Read more: https://www.washingtonpost.com/climate-environment/2021/09/29/endangered-species-ivory-billed-woodpecker/
The one thing to note regarding the disposition of various species is that we are also continually finding new ones never "seen" (or at least never recorded) before, so the awareness of habitat and climate change should help to underscore taking action for those we know about that are beneficial to the ecosystem.
The American Alligator was once hunted almost to extinction for its hide, and is now almost a nuisance animal for obvious reasons (due to the rapid development of housing in Florida in its habitat).
Of course the more obvious one being carefully preserved is the Bald Eagle, which took over 60 years to get it to a recovered stage.
The California Condor is another under a preservation program.
If California needs anything, I can send them our turkey vultures.
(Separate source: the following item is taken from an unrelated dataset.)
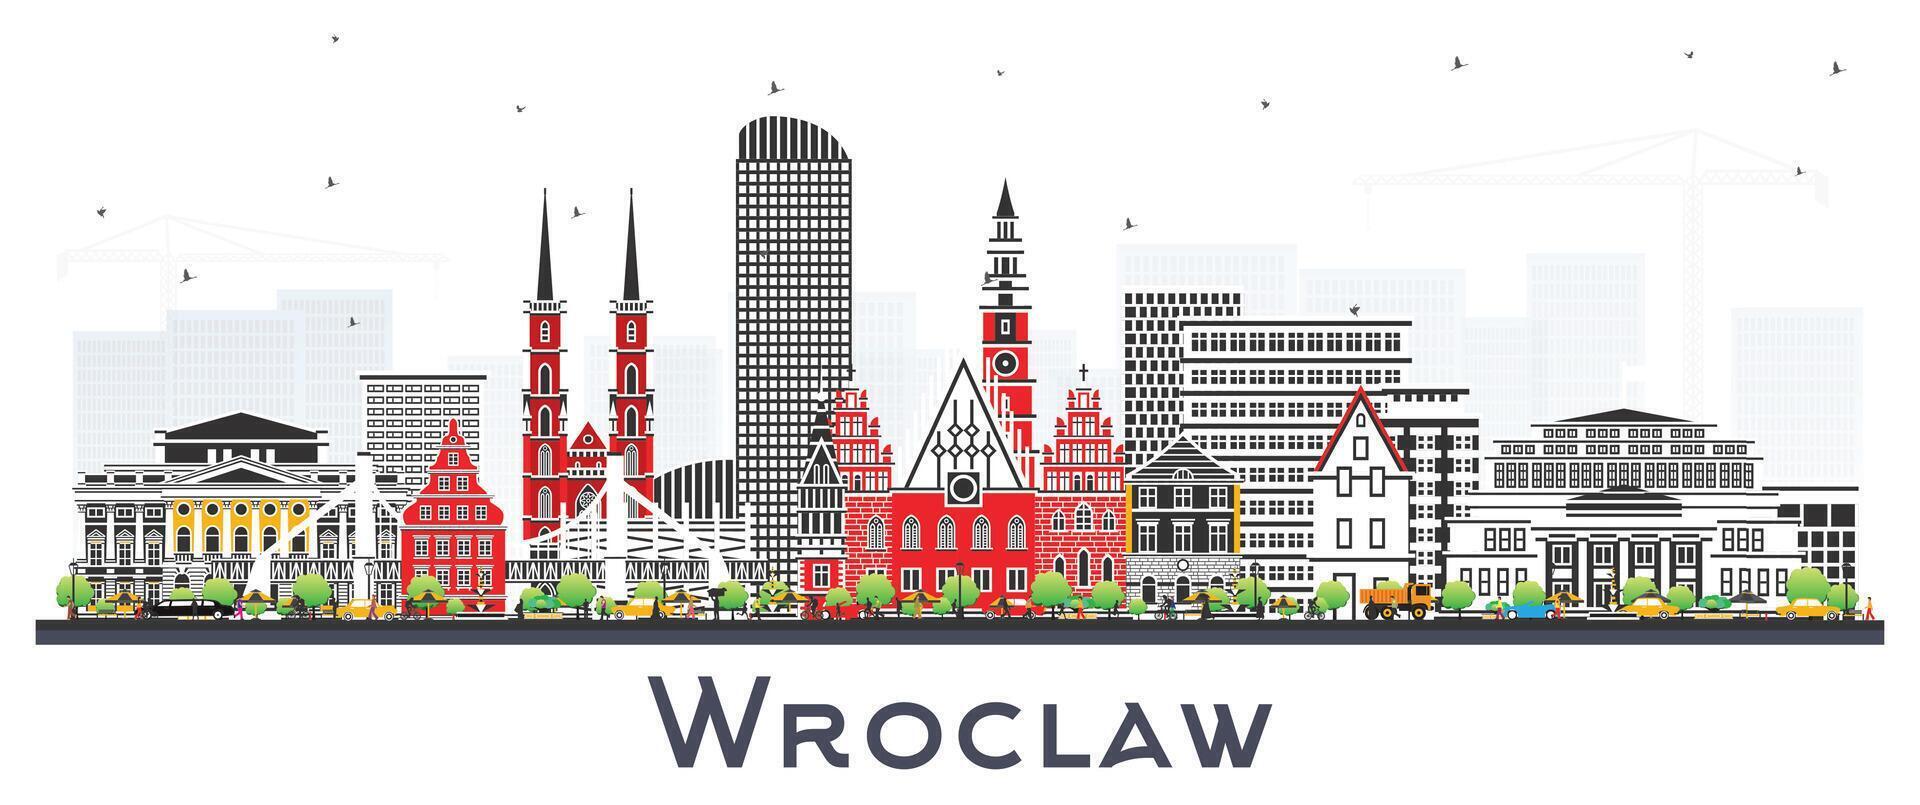 Wroclaw Poland City Skyline with Color Buildings isolated on white. Wroclaw Cityscape with Landmarks. Business Travel and Tourism Concept with Historic Architecture. vector

If one wants to talk about how well the banning of DDT and other pesticides that were killing birds, has done in preservation, I know I grew here in Philly assuming that birds like "vultures" only existed "out west" like in the cartoons, flying in circles over barren deserts... Until I traveled up to north Jersey for a work trip almost 30 years ago and literally saw dozens of what I would discover were "turkey vultures" that were perching and pooping all over the office park where I had visited. I had never seen anything so big, scary and ugly like that and not in a zoo. Now they are all over the Philly area and the rim suburbs feasting on road kill. Seeing a 3 foot tall hulking bird a few feet away is pretty shocking to say the least.